(DATA BELOW Opens)

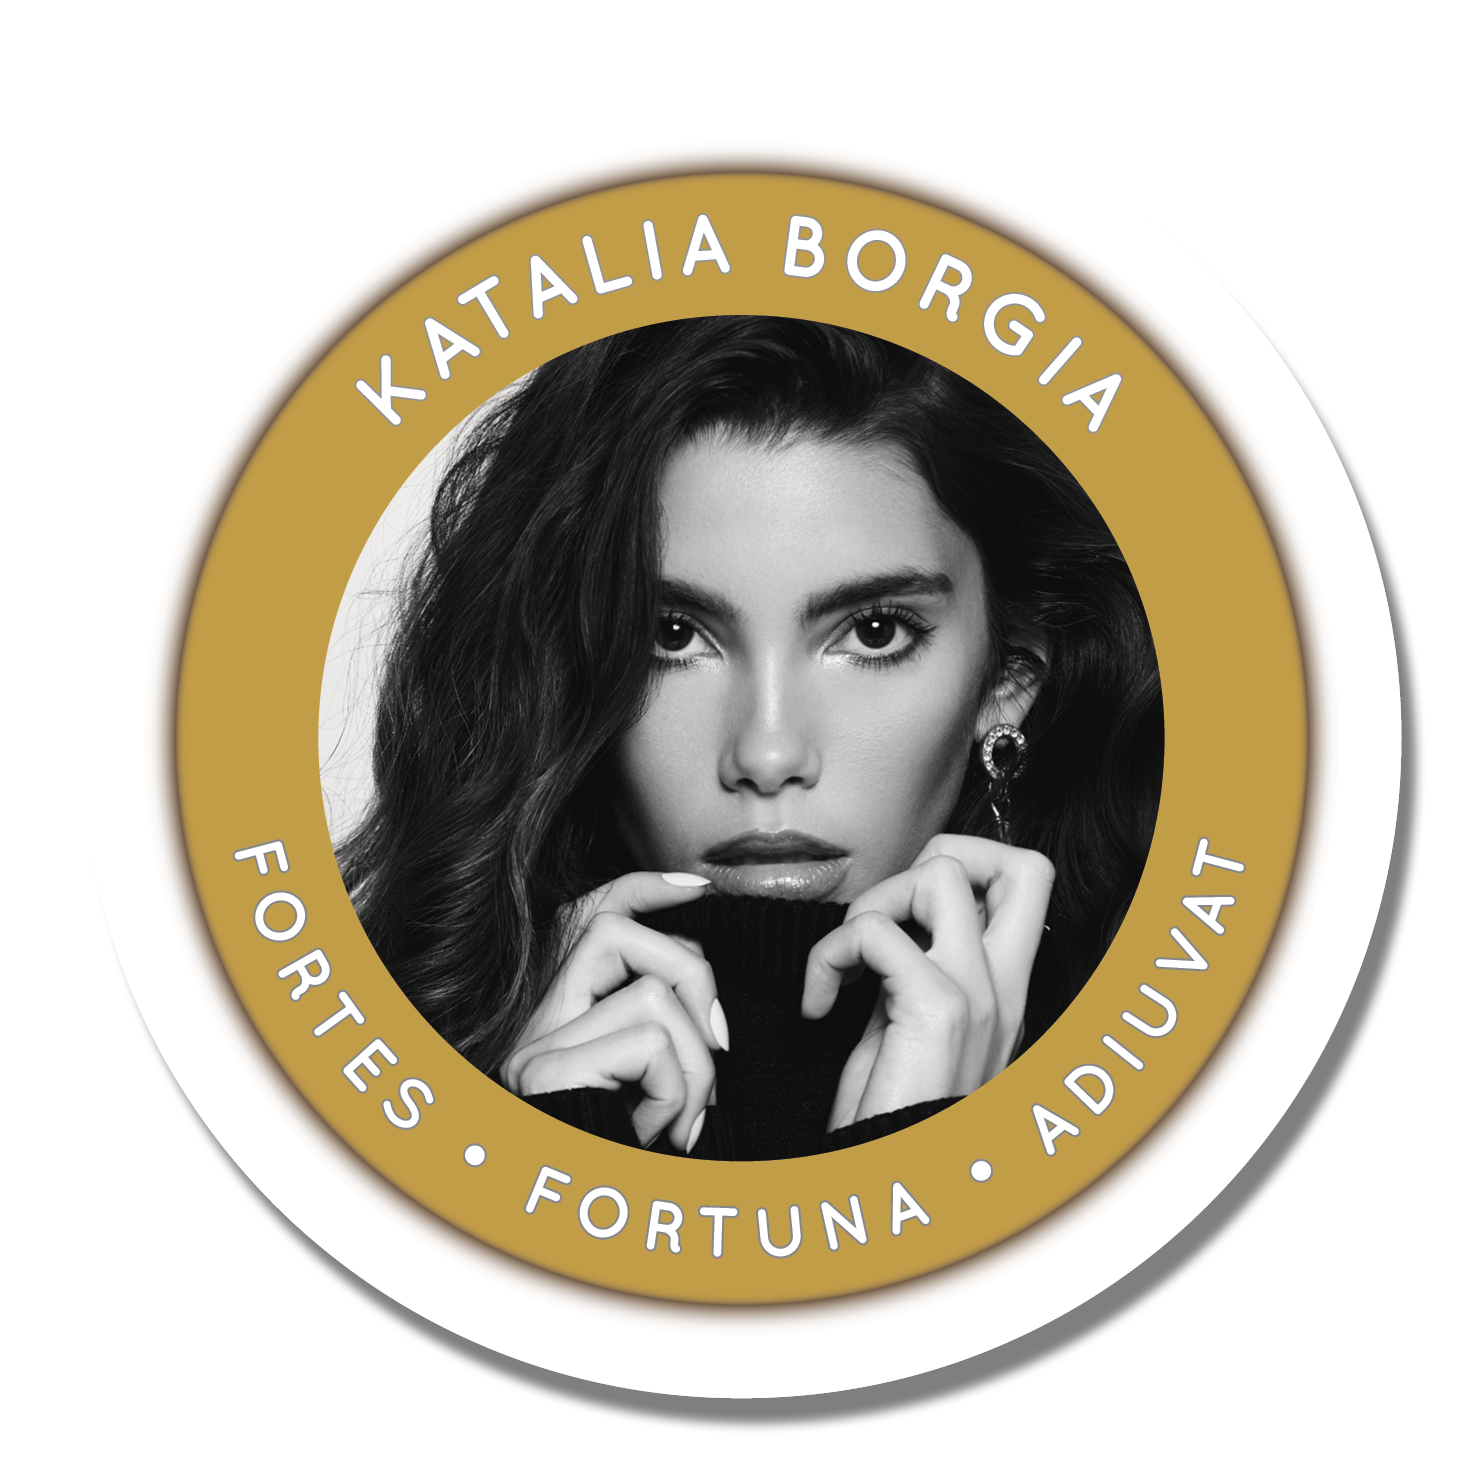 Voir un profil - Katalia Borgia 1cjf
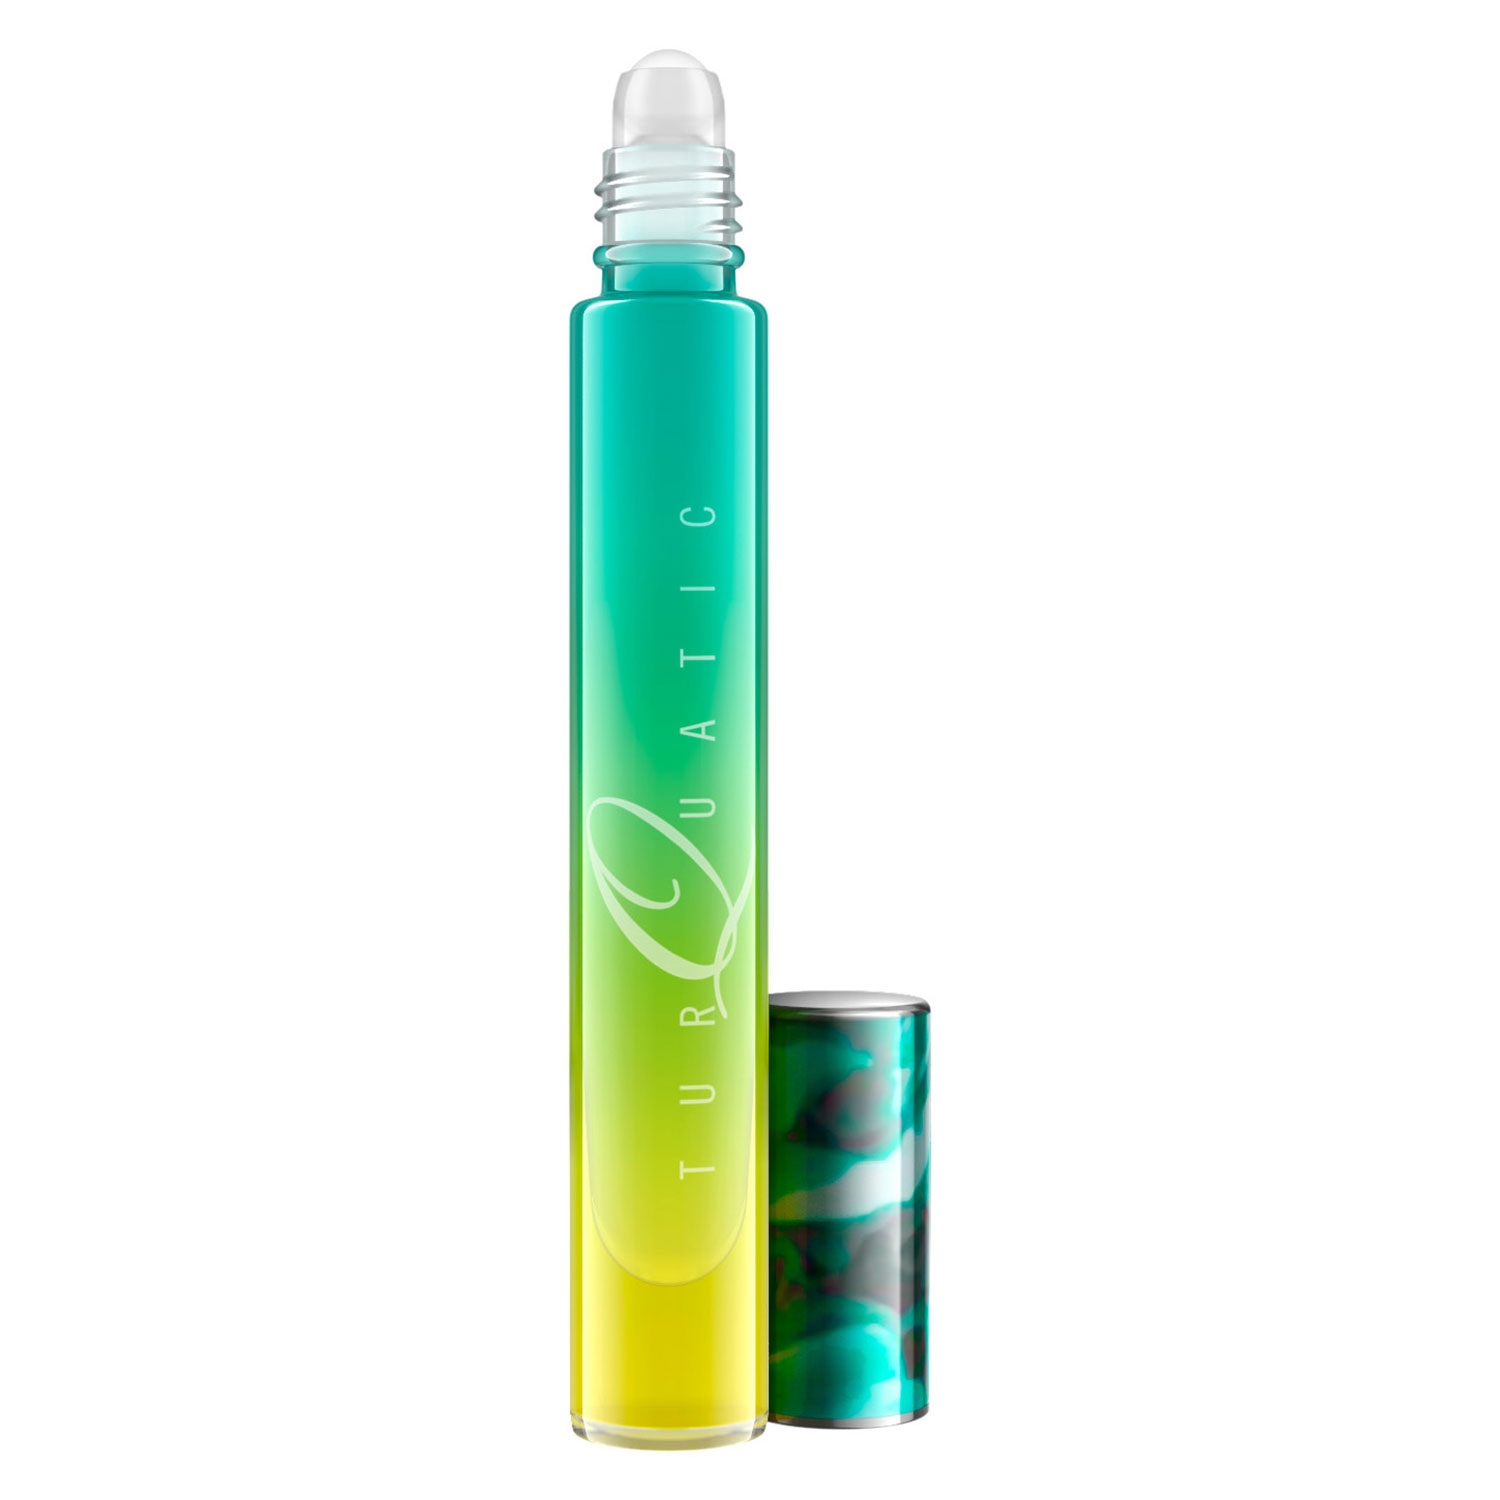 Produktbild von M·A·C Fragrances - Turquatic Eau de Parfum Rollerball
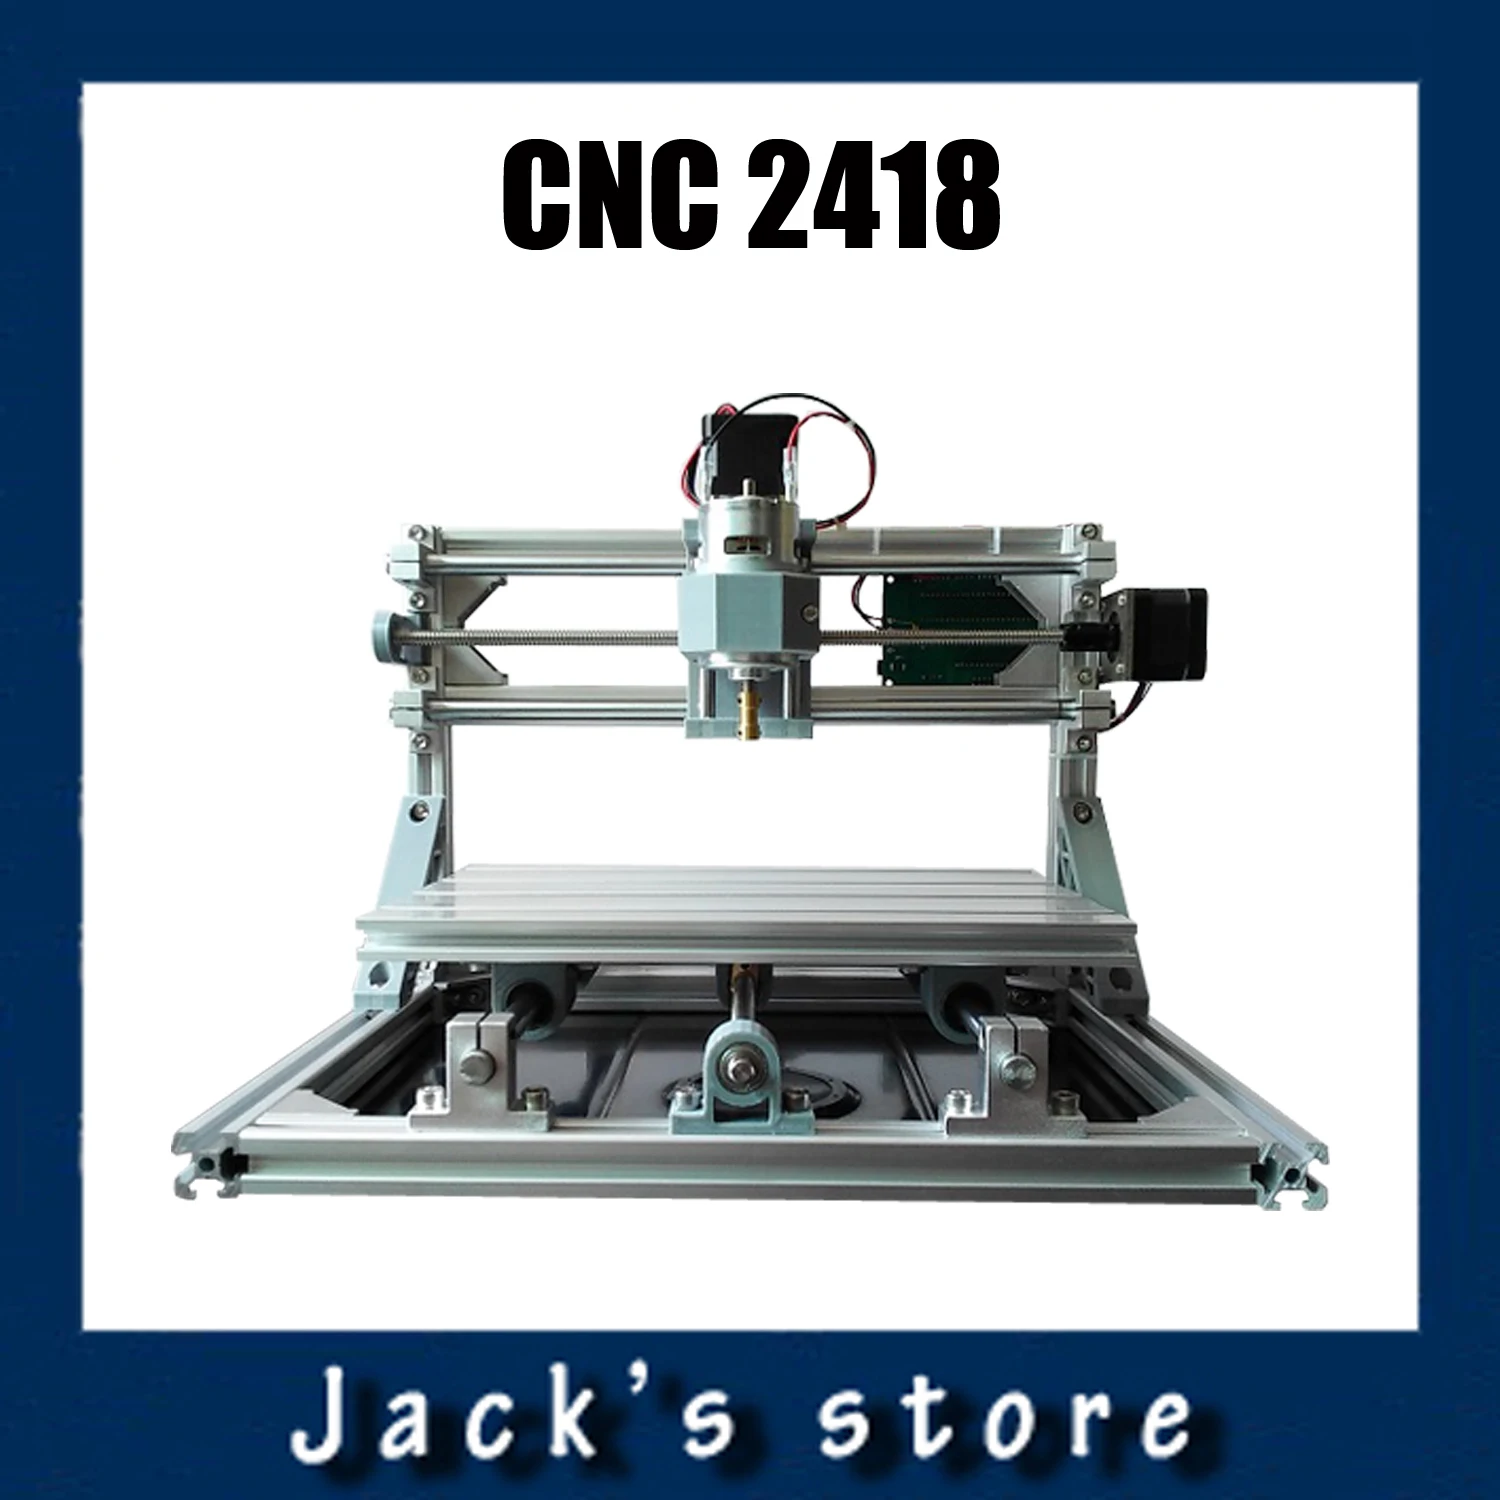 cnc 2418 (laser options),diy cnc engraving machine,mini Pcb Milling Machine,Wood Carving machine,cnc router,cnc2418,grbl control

(DATA BELOW Closes)

Please retype the listing in full, exactly as given, and skip every image.

- **EXERCISE SOLUTION**
 Voir un profil - Katalia Borgia 1cjf
 Produktbild von M·A·C Fragrances - Turquatic Eau de Parfum Rollerball
 cnc 2418 (laser options),diy cnc engraving machine,mini Pcb Milling Machine,Wood Carving machine,cnc router,cnc2418,grbl control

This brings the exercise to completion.